Member of the New Jersey General Assembly from Monmouth County
- In office 1936–1937 Serving with Haydn Proctor

Member of the New Jersey General Assembly from Monmouth County
- In office 1925–1927 Serving with Peter F. Dodd

Personal details
- Born: October 17, 1887 Long Branch, New Jersey
- Died: 1955 (aged 67–68)
- Party: Republican
- Spouse: Amelia Heilig
- Education: New Jersey College of Pharmacy
- Occupation: Pharmacist

= Basil B. Bruno =

American politician

Basil B. Bruno (1887–1955) was an American Republican Party politician, who served in the New Jersey General Assembly representing Monmouth County in 1924 and 1925, and again in 1936.

==Biography==
The son of Italian immigrants, Bruno was born in Long Branch, New Jersey on October 17, 1887. He was educated in the Long Branch Public Schools and was a 1910 graduate of the New Jersey College of Pharmacy, now part of Rutgers University. For eighteen years he was a pharmacist in Long Branch, ultimately operating two pharmacies. In 1930 he changed careers and went into the real estate and insurance business. He was a volunteer firefighter with Atlantic Engine & Truck Co. No. 2, of the Long Branch Fire Department. Basil Bruno served as a member of the Long Branch Board of Health.

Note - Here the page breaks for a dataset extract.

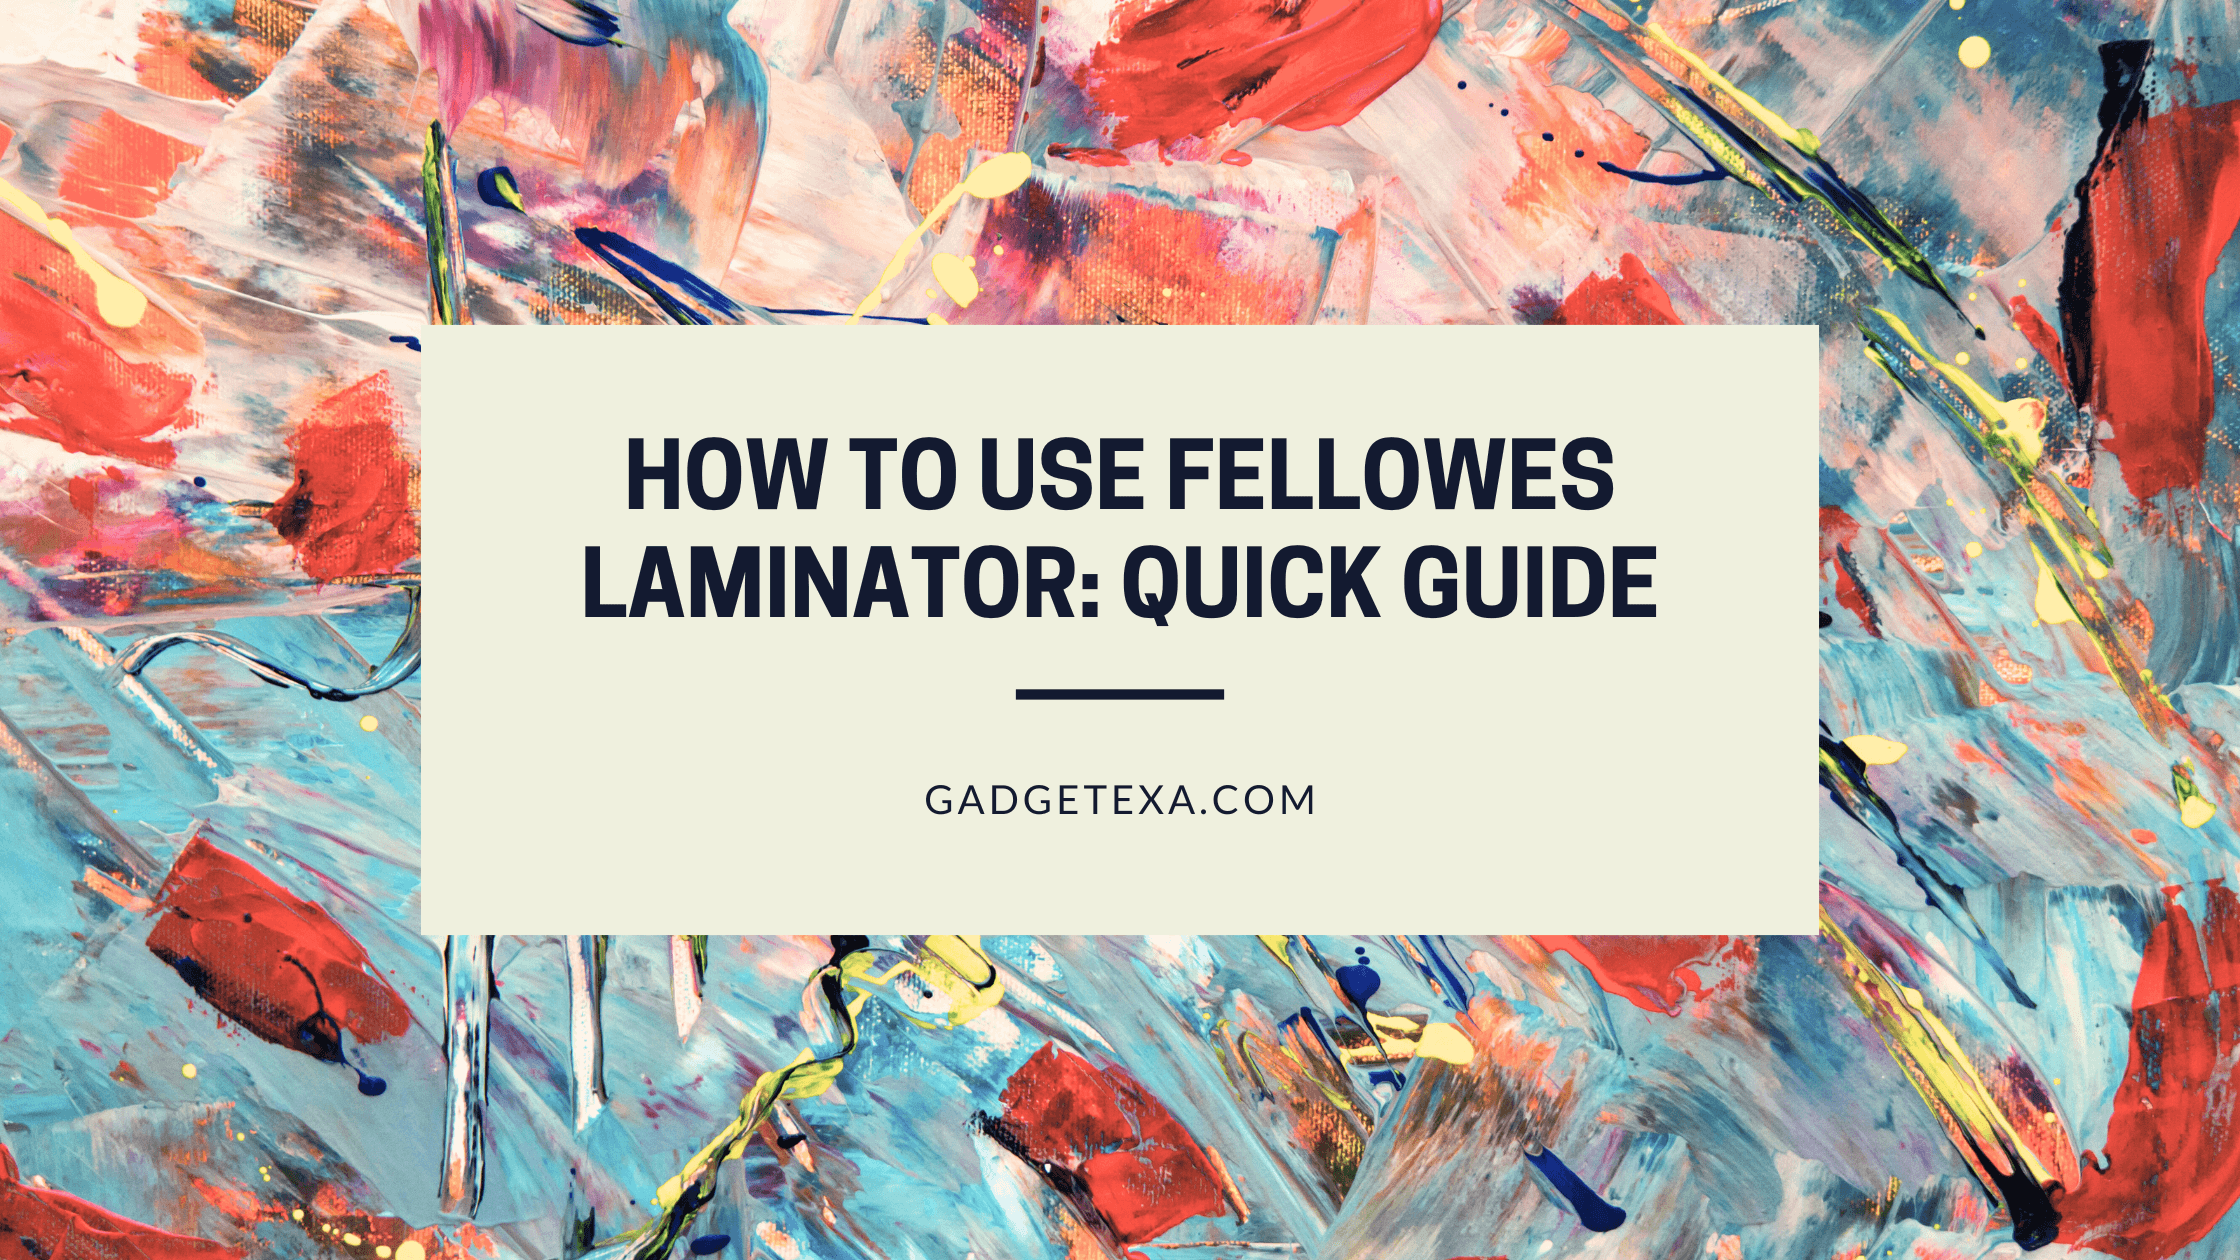 How to Use Fellowes Laminator Quick Guide (1)
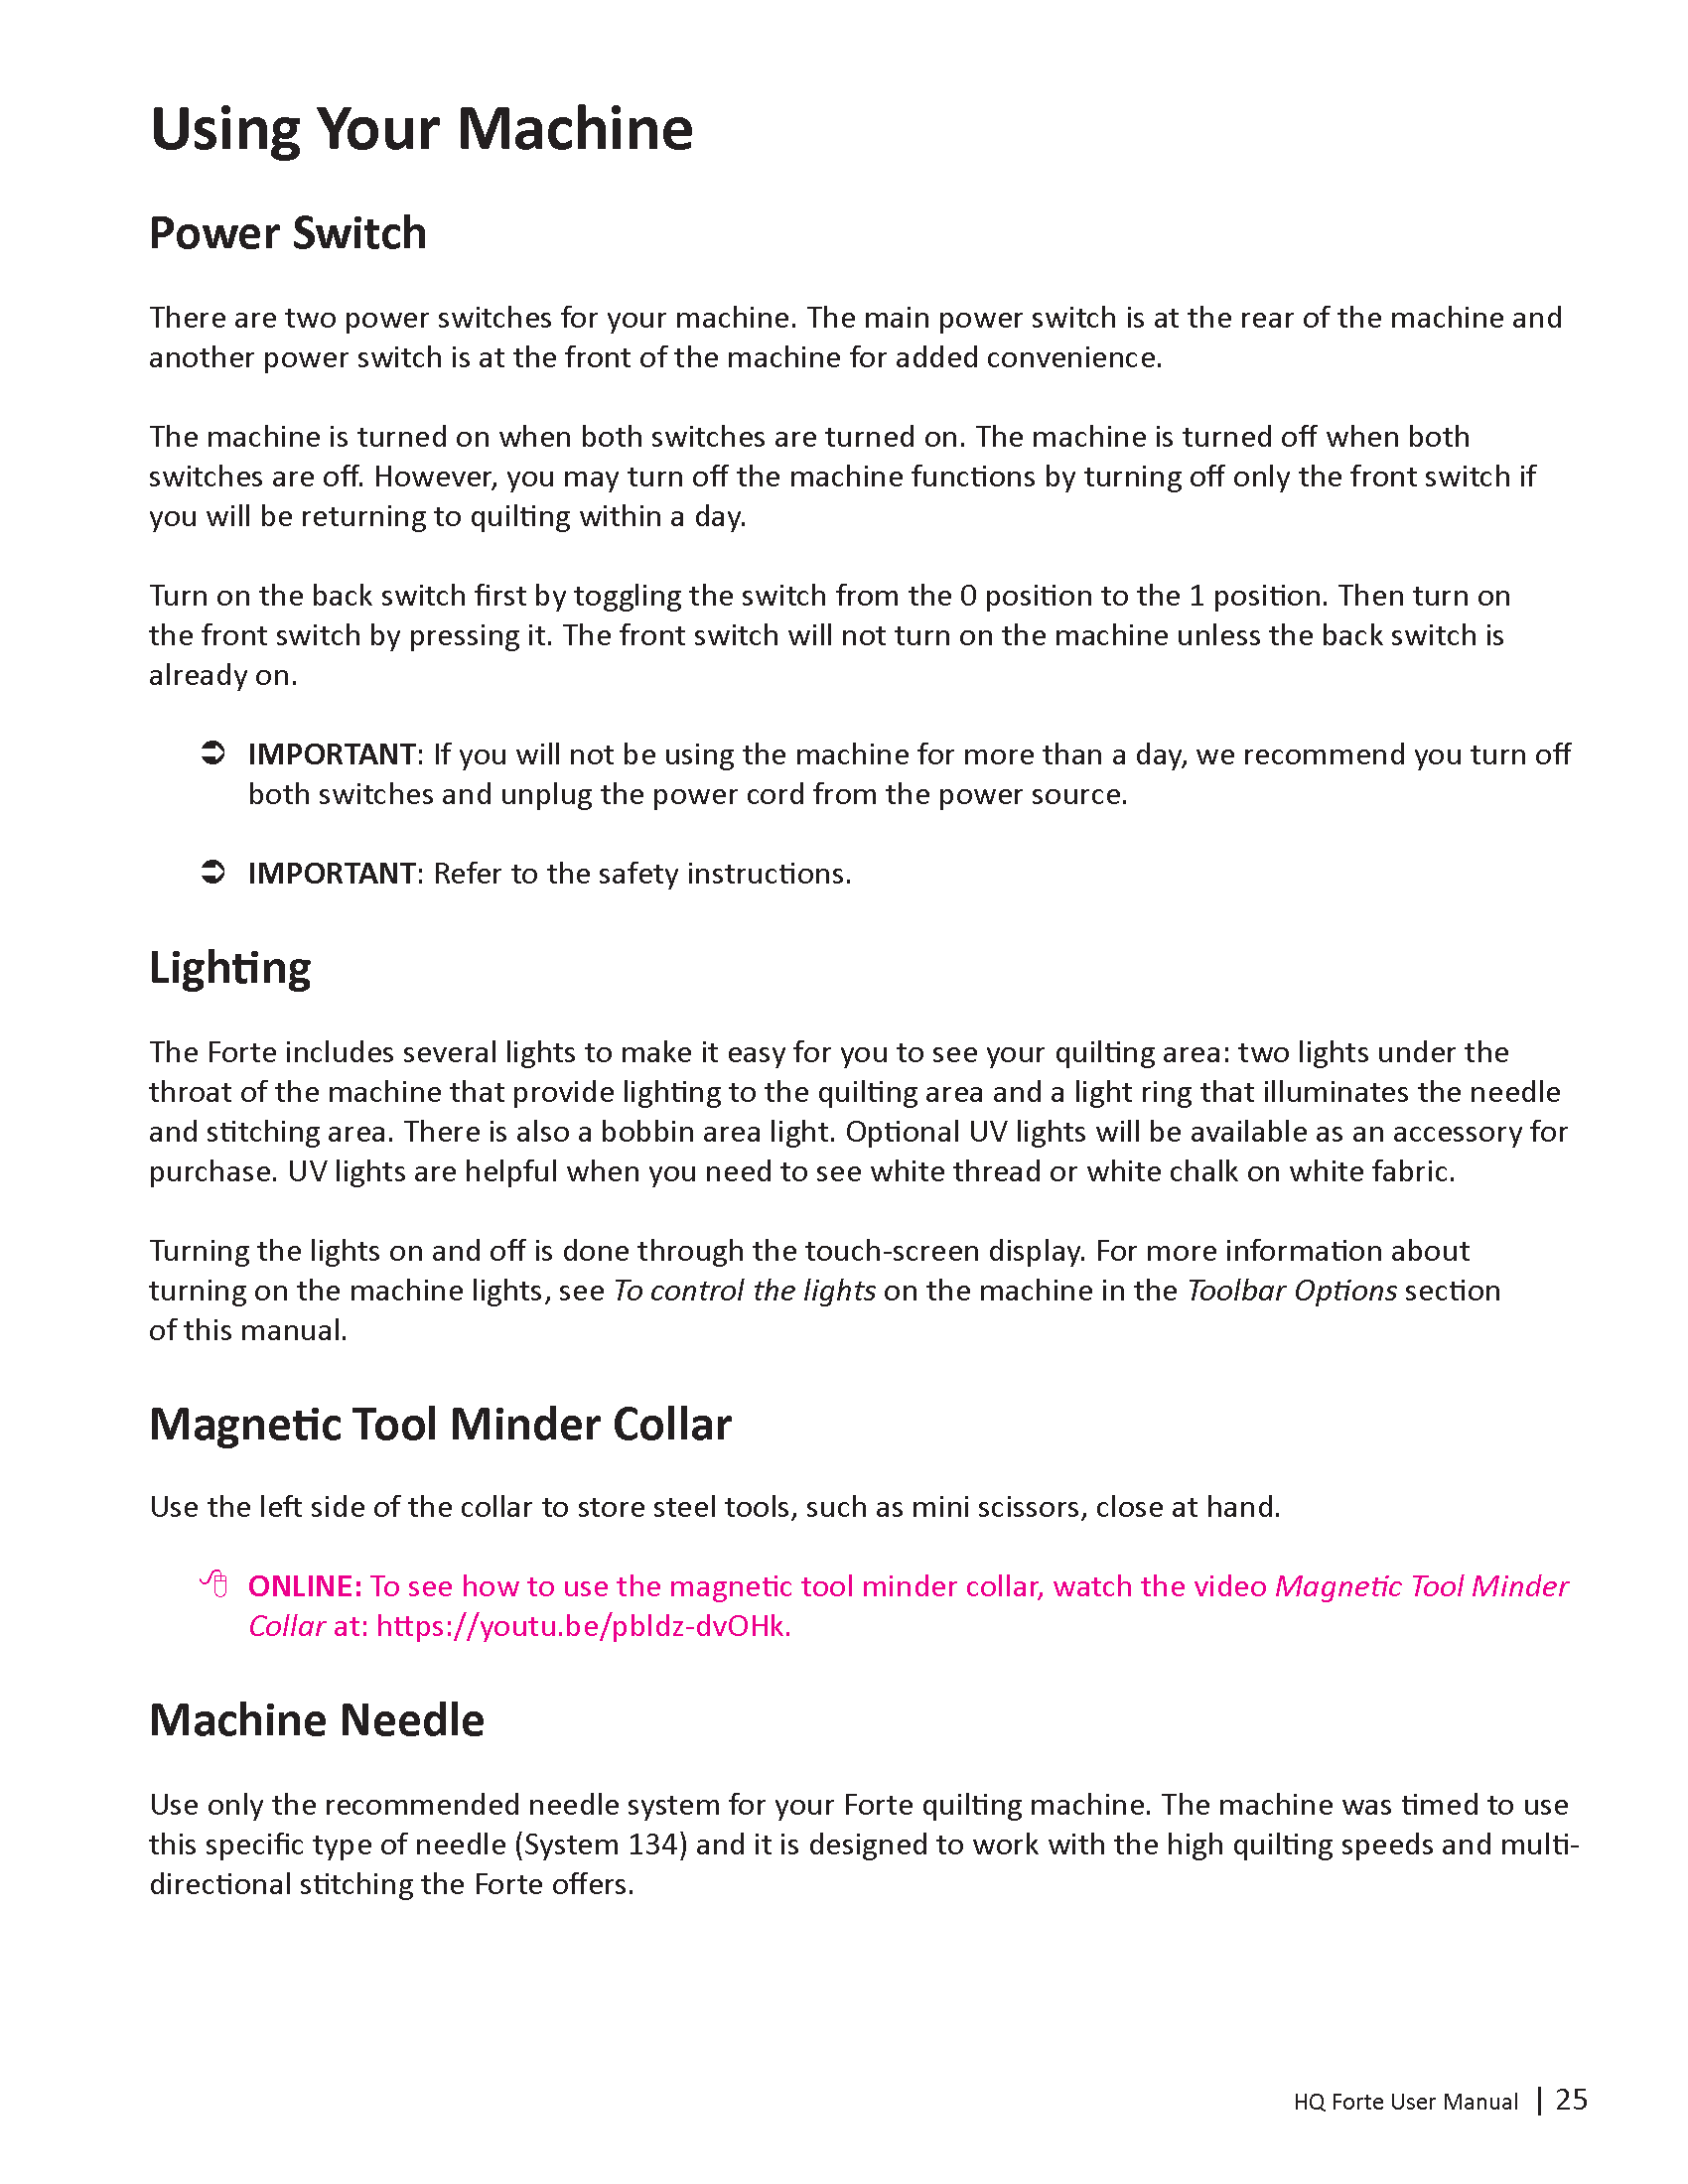 HQ-Forte-User-Manual-ALL-2_Page_26.png

He was active in fraternal orders, including the Benevolent and Protective Order of Elks, Junior Order of United American Mechanics and the Triluminar Lodge, Free & Accepted Masons.

Basil B. Bruno died in 1955 and is buried in Glenwood Cemetery, West Long Branch.

==Legislative career==
Bruno was elected to the State Assembly in the 1924 general Election, and reelected in 1925. He was elected to a third, one-year term in 1935.